During his time in Tralee, McGuinness convinced Moyniham to take him to Kerry training one evening. Even then McGuinness was looking for the edge, but it didn’t last long. Páidí Ó Sé wasn’t entertaining the visitor.

Jim McGuinness (back right) with the Tralee IT team in 1998

Jim McGuinness (back right) with the Tralee IT team in 1998

While in Tralee, McGuinness resisted a move to play his club football in Kerry. In those days, Naomh Conaill were nothing near the senior force they have come to be regarded as, but McGuinness set the example.

From Glenties to Tralee is a 417-km journey one way. McGuinness made the trip every week to pull on the Naomh Conaill blue.
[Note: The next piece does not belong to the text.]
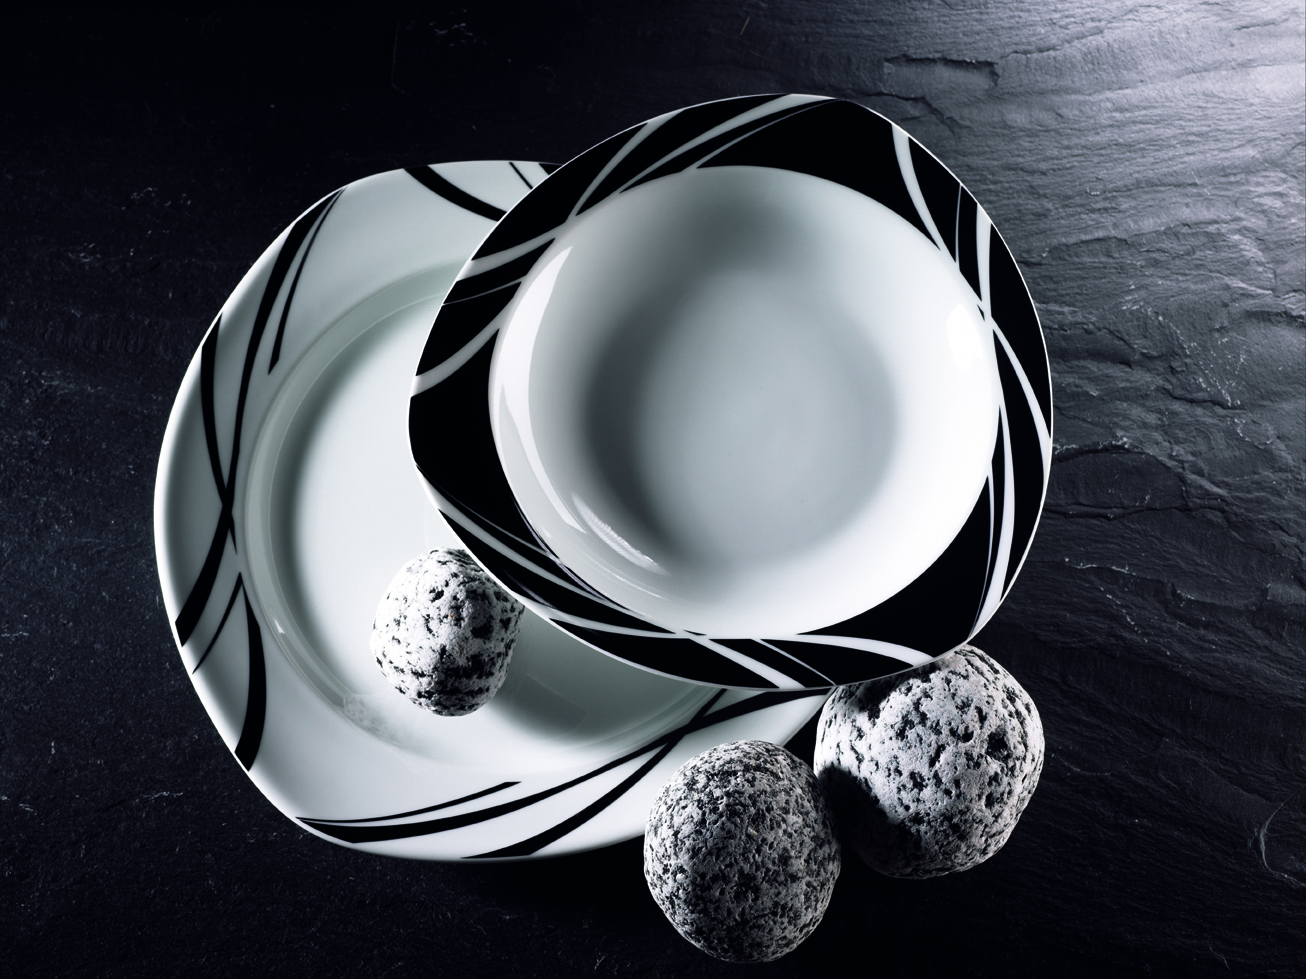 Domestic madonna 920667 servizio da tavola in porcellana - Servizio piatti design ...

“I don’t think I missed a league game for my club, definitely, because we were trying to ground ourselves at that stage so I felt that was important,” he says now.

“People talk about those sacrifices but it is not a big deal. You are driving up the road because you are looking forward to the game and you want to play in the game. But it is great to be down there and it is even better when you are successful because you have bonded.

“The Kerry people were fantastic – really good people, really good to me on a personal final. So on a personal final; it is a lovely final for myself. And I know it is a lovely final for the boys as well. Kerry are looking for their 37th All-Ireland. We are looking for our third. So it is the team you want to play.”

McGuinness saw at close-hand the Kerry way.

He lived the Kerry way and now his Donegal players, unbeknownst to themselves, are learning the lessons McGuinness picked up all those years ago in the Kingdom.

He says: “You always hear about the lovely Kerry footballer and the natural footballer and that. But in my experience of Kerry they were so professional and dedicated that I don’t know if natural is the right word for them.

“They were so dedicated to making themselves better that they look natural, if that makes sense.”

McGuinness’s Donegal returned yesterday from a training camp at Lough Erne near Enniskillen having previously had a five-day camp in Johnstown House in County Meath before their All-Ireland semi-final against Dublin.

Their success has created an unbreakable bond and a spirit that has been very evident.

“If you believe you have done all the right things and worked really hard and earned it together,” McGuinness says.

“Once you get that victory then, of course, I don’t think there is a better feeling in the world than just sitting looking across the dressing room at a team mate and you’re shattered and he is sitting there shattered and you have done something out on the pitch…I don’t think there is a better feeling in the world.

“That bond stays and in maybe twenty years, you might have somebody from Letterkenny meeting someone from Gweedore, spotting them across the street and it is there, you know. It never leaves and it is probably never leaves a lot of the minds of supporters as well so it is a very special thing.”

McGuinness has hailed his players for buying into the ways he’s asked.

He says: “When they’re at themselves and they’re fully focussed they’re a joy to work with. From a coaching point of view, an absolute joy.

“I have had experiences of players who were really good players with a bad attitude. It’s very frustrating to coach someone like that. It doesn’t happen with our lads.

“They work really hard and they push really hard. They try to push themselves to the border, to the edge of their intensity. They try to move forward and so many of them, even the seasoned players, who have made progress on their weak side over the four years.

“For me, it’s that whole thing and the journey with them.

“JThe fact that they’re so committed to the jersey and so committed to the training, it makes it very pure.”